Suppose $M$ is a transitive set model of $\mathsf{ZFC}$. Say that $M$ is locatable iff there is some transitive set $N$ such that:

  • $N\models\mathsf{ZFC}$,

  • $M\in N$, and

  • $M$ is parameter-freely-definable in $N$.

The requirement that $N\models\mathsf{ZF}$ prevents coding $M$ into $N$ in a "silly" way. To see how this can be an issue, let $\alpha=\min\{\gamma: L_\gamma\models\mathsf{ZFC}\}$. If $N$ is a transitive model of $\mathsf{ZFC}$ with $L_\alpha\in N$, then $N$ sees that $L_\alpha$ is countable and so contains lots of (say) reals which are Cohen-generic over $L_\alpha$. Suppose $r,s$ are such reals; how is $N$ to distinguish between $L_\alpha[r]$ and $L_\alpha[s]$ in a parameter-free way? This seems to be an obstacle in general to the locatability of $L_\alpha[c]$ for $c$ Cohen-generic over $L_\alpha$. However, such an $L_\alpha[c]$ is nonetheless locatable: force over $L_\beta$, where $\beta=\min\{\gamma: \gamma>\alpha, L_\gamma\models\mathsf{ZFC}\}$, to code $c$ into the continuum pattern appropriately.
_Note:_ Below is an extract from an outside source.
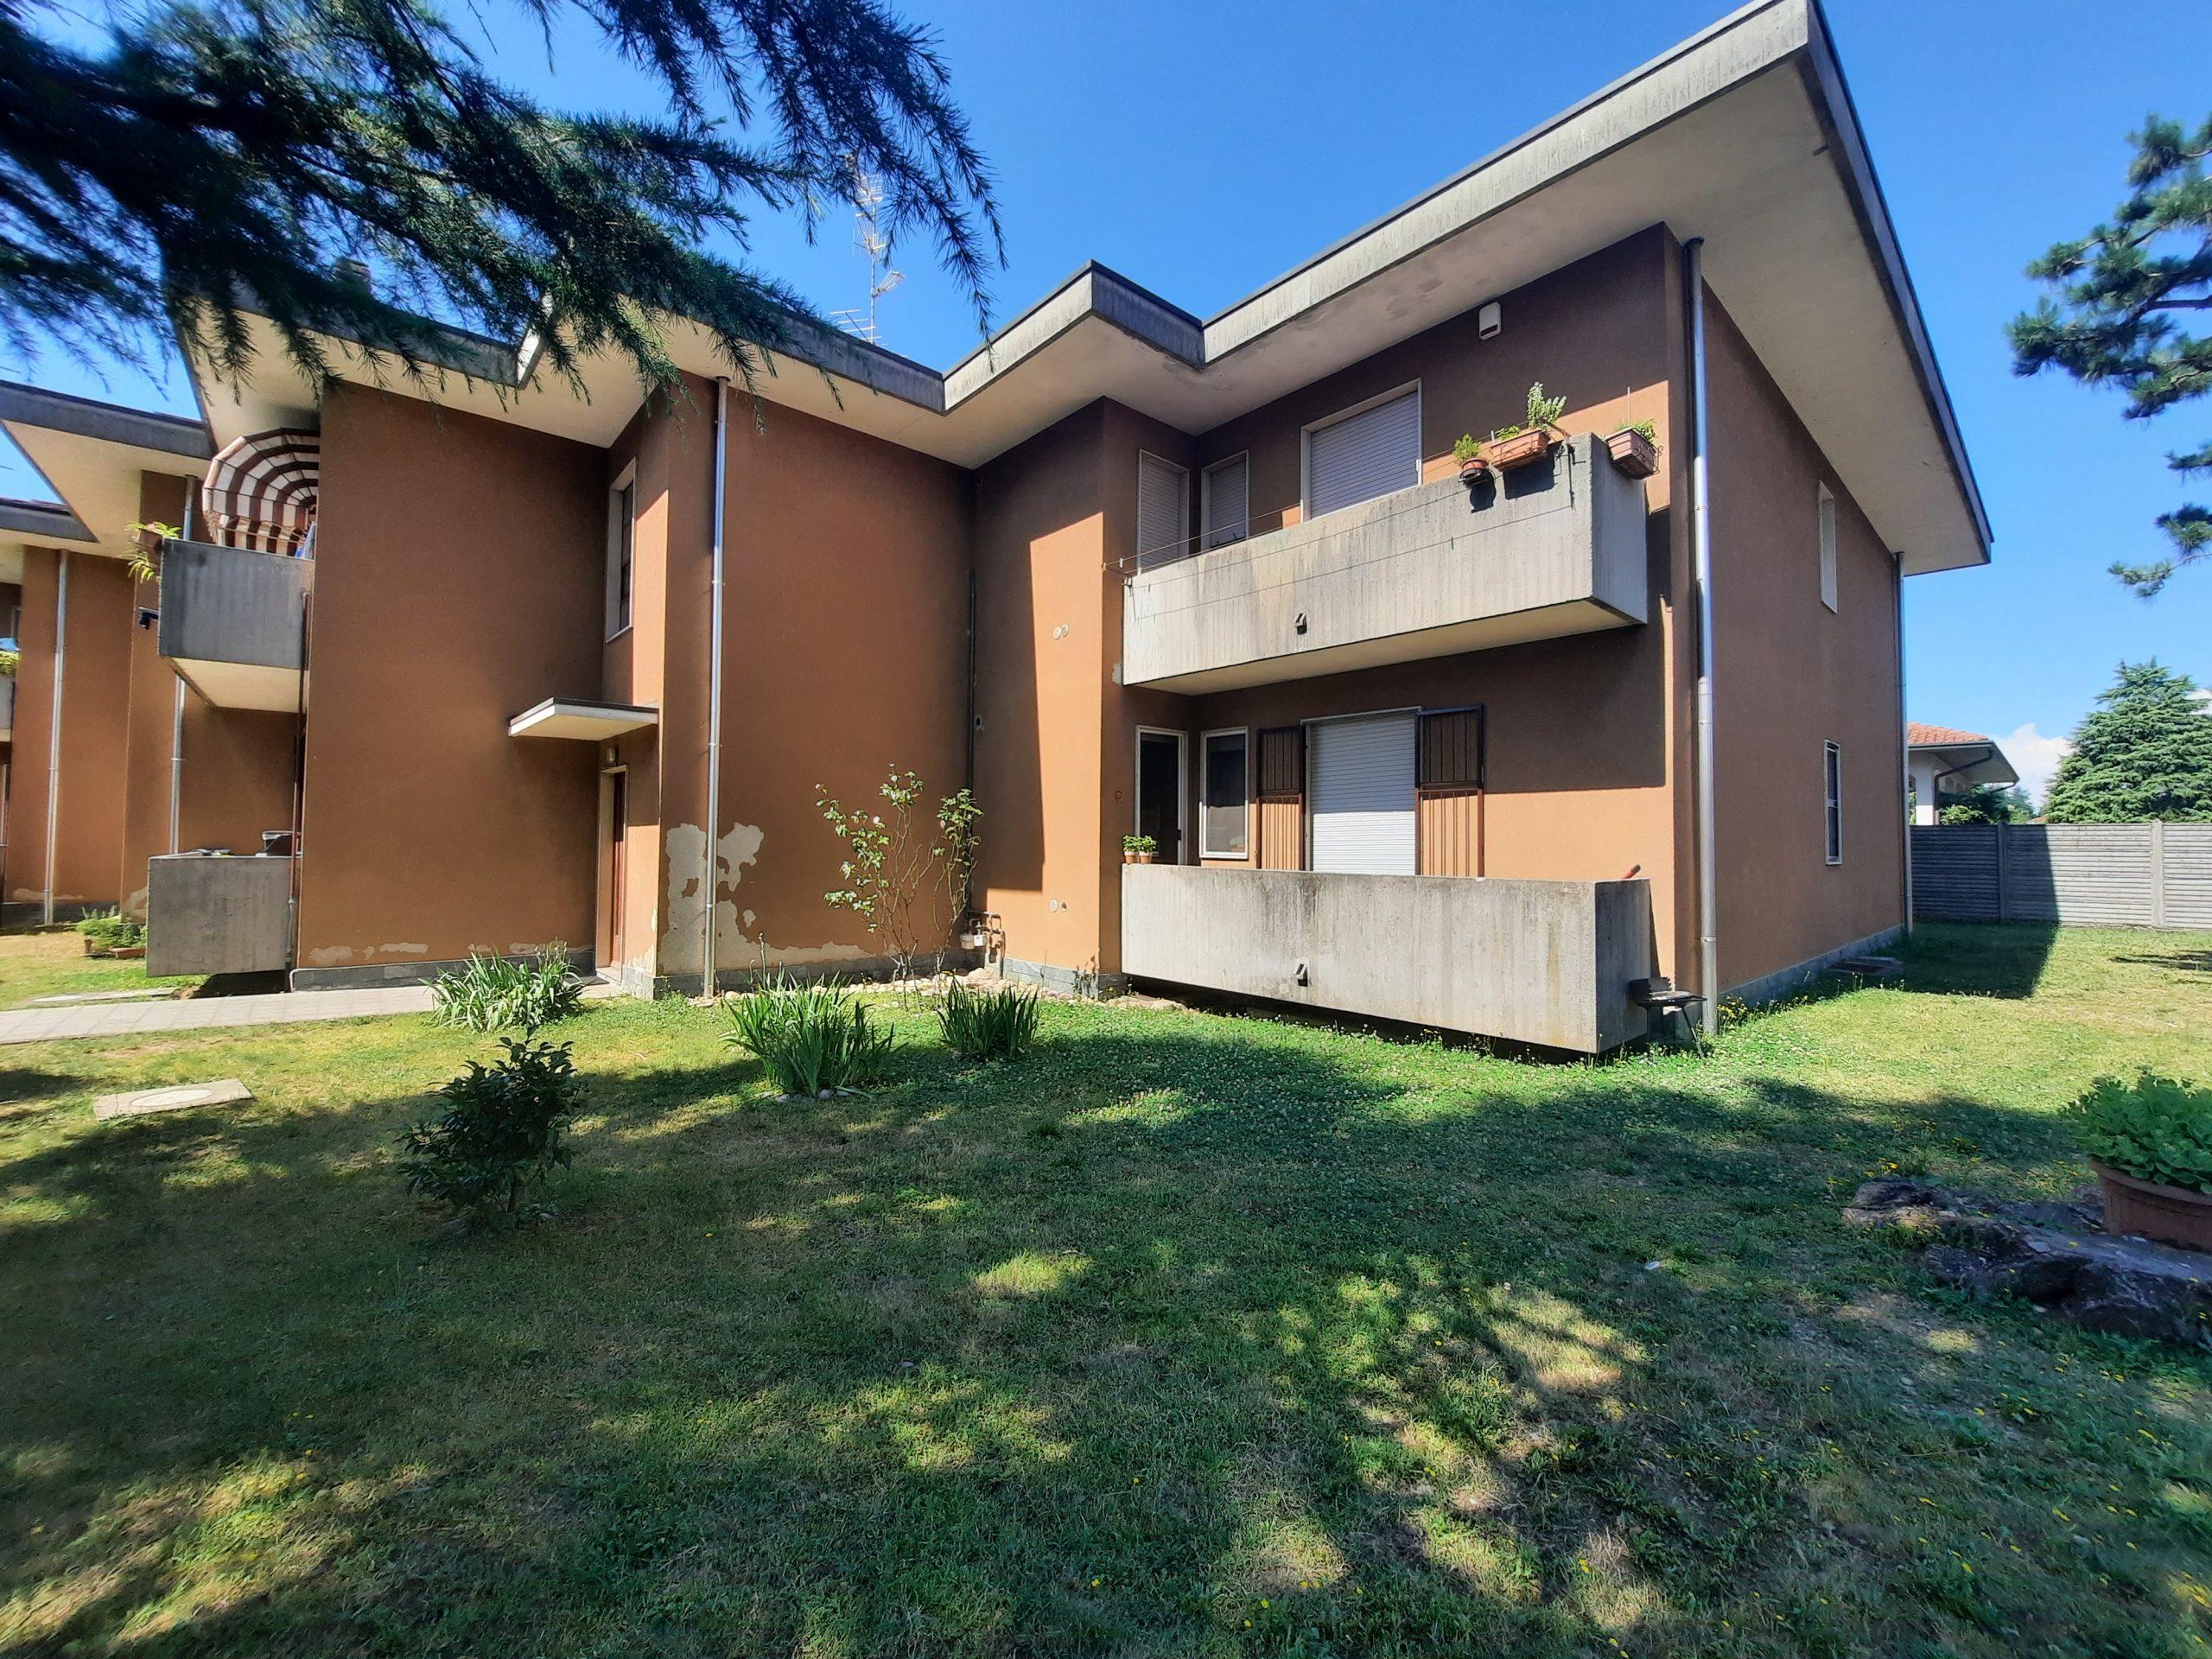 Appartamento trilocale in vendita a Magnago

Indeed, such coding tricks give:

Every countable $M$ is locatable.

Note that the locating model is very simple - it's an element of $L(M)$. For uncountable $M$s this seems like a nontrivial further condition, and in particular none of the absoluteness theorems I'm familiar with seem to directly apply.

Similarly, we have:

If $L_\theta\models\mathsf{ZFC}$ then $L_\theta$ is locatable, even if $\theta$ is uncountable.

(For example, every ordinal $\theta$ is parameter-freely-definable in the $(\vert\theta\vert^++\theta+1)$th level of $L$ satisfying $\mathsf{ZFC}$ since $(i)$ that level of $L$ can "count" the $\mathsf{ZFC}$-satisfying levels below it, and $(ii)$ we can recover $\theta$ from $\vert\theta\vert^++\theta$ as there is a unique way to write the latter in the form $\kappa+\gamma$ for $\kappa$ a cardinal and $\gamma<\kappa$.)

However, the general situation is not clear to me:

Question: is every transitive set model of $\mathsf{ZFC}$ locatable?

Of course it is quite plausible that this will depend on additional set-theoretic hypotheses; for example, I think an affirmative answer is more likely assuming $\mathsf{V=L}$ than assuming the existence of large cardinals. But I don't immediately see how to show any of this.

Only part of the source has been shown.